Villas Boas takes over reins at Chelsea
London football club favour youth over experience in choosing new manager following his success at Porto.
Last Modified: 22 Jun 2011 13:19
Villas Boas faces a tougher time under Abramovich after strolling to Europa League success with Porto [GALLO/GETTY]

English Premier League followers will be waiting with anticipation to see whether Andre Villas Boas can bring the same success to Chelsea as he did with Porto last season.

Chelsea appointed the 33-year-old on Wednesday following his resignation from Porto, a club he led to a domestic double and Europa League glory.

Villas Boas becomes the seventh manager of the Roman Abramovich era after accepting a three-year contract at the west London club.

The Portuguese manager replaces Carlo Ancelotti, who was sacked in May after failing to win a trophy in his second season having won the Premier League and FA Cup in his first.

Villas Boas, who becomes the youngest manager in the Premier League, moves to London after Chelsea paid $21.5 million to trigger an escape clause in his contract.

"Andre was the outstanding candidate for the job," said a statement on the Chelsea website.

"His ambition, drive and determination matches that of Chelsea and we are confident Andre's leadership of the team will result in greater successes in major domestic and European competitions."

Familiar ground

Villas Boas, who cut his coaching teeth under Sir Bobby Robson at Porto in 1993, served under Jose Mourinho at Porto, then following "the Special One" to Chelsea and later Inter Milan.
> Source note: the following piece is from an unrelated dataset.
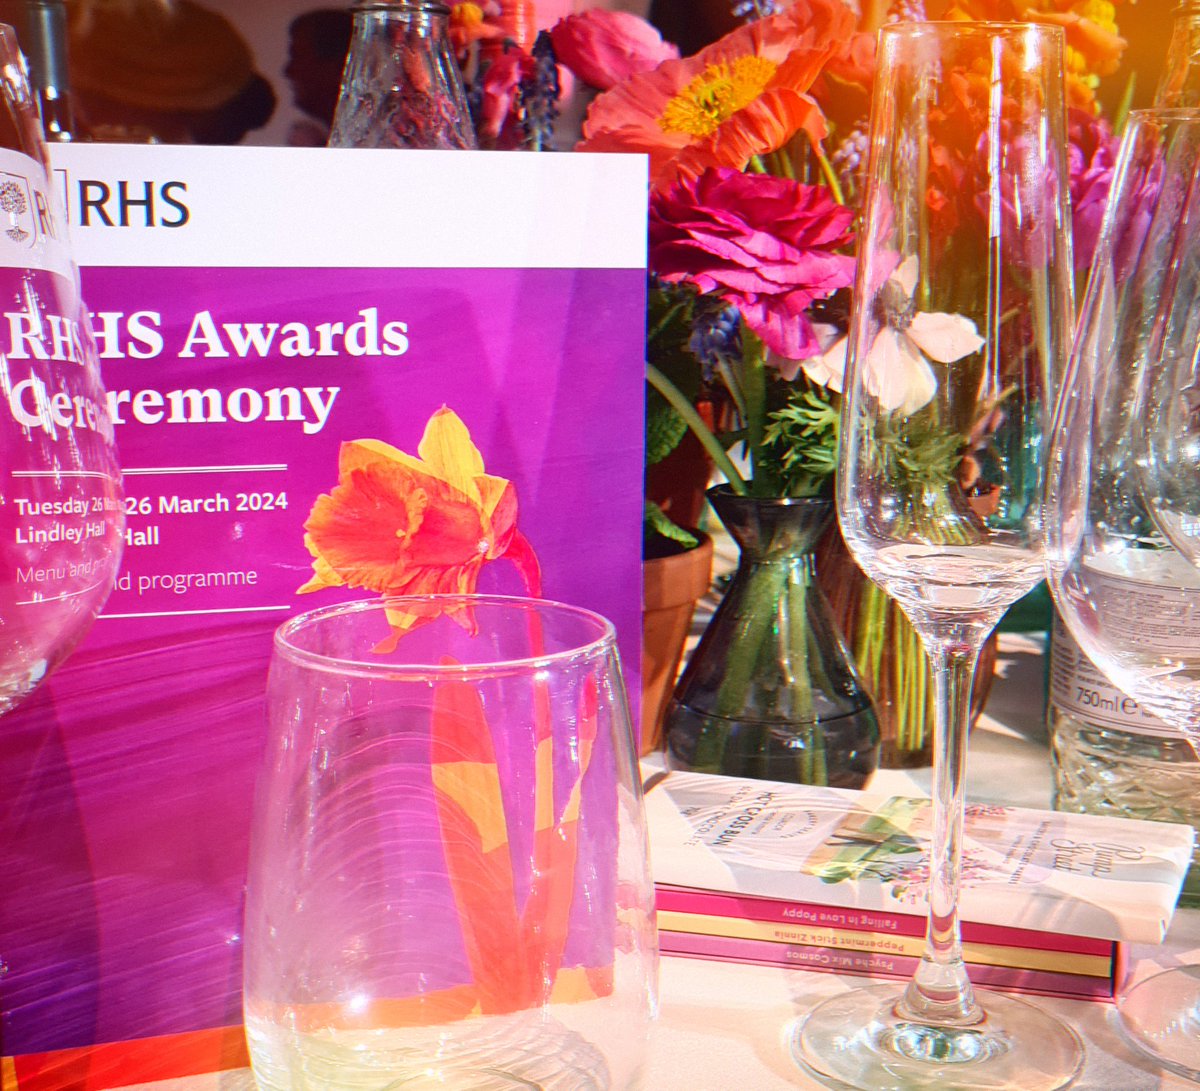 Congratulations to all Master of Horticulture graduates and prize winners at the @the_rhs awards ceremony! SO MANY brains in the room. This year we had graduates from all over the world including Singapore, Hong Kong and Colombia. So inspiring to hear about everyone's projects 🤩

"Andre will bring his coaching experience back to a club he is already very familiar with, having previously worked here for three years," said the club's statement.

"He has always been highly regarded at Chelsea and everyone here looks forward to welcoming him back and working with him."

Although highly rated for his achievements at Porto, where he brought success with style in his 20-month reign and was unbeaten in the league last season, Chelsea initially seemed set to return to Guus Hiddink in their search for the man to finally bring them the Champions League after so many near-misses.

The Dutchman, who enjoyed a successful spell as caretaker boss at Chelsea in 2008-09 and has a close relationship with Abramovich from his days as Russia coach, is currently Turkey's national team manager but speculation that he might still arrive as director of football has cooled.

Colombian Falcao scored 17 goals in the Europa League last season and could follow Villas Boas [GALLO/GETTY]

Former Chelsea striker Jimmy Floyd Hasselbaink understands that comparisons between Villas Boas and Mourinho are inevitable.

"Yes, everybody is going to look at him and say, 'You have learned it [from Mourinho]' or 'You are the same as Mourinho', and he is going to be the example," Hasselbaink said.

"Yes, he is only 33, but I think we should look at him just as a man on his own, a different manager - yes from Portugal, but a different individual, and just give him a chance to succeed."

Former Chelsea midfielder Ray Wilkins, sacked as Ancelotti's assistant last November, welcomed the appointment.

"We've had lots of older coaches come in at Stamford Bridge and they've not done as well, so we have to give this young man the credit for what he has done up to now," Wilkins told Sky Sports News.

"Let's give the young man a chance, he's obviously done exceptionally well. His man-management skills from what I can read from the players he has worked with have been first-class."

Villas Boas, who proved a shrewd operator in the transfer market, is likely to try to persuade Porto's Colombian striker Falcao to follow him to Chelsea after his prolific season.

With Fernando Torres, Didier Drogba and Nicolas Anelka all vying for a starting role up front, the addition of Falcao would give Villas Boas formidable firepower.

The kind of firepower Manchester United could find hard to rival.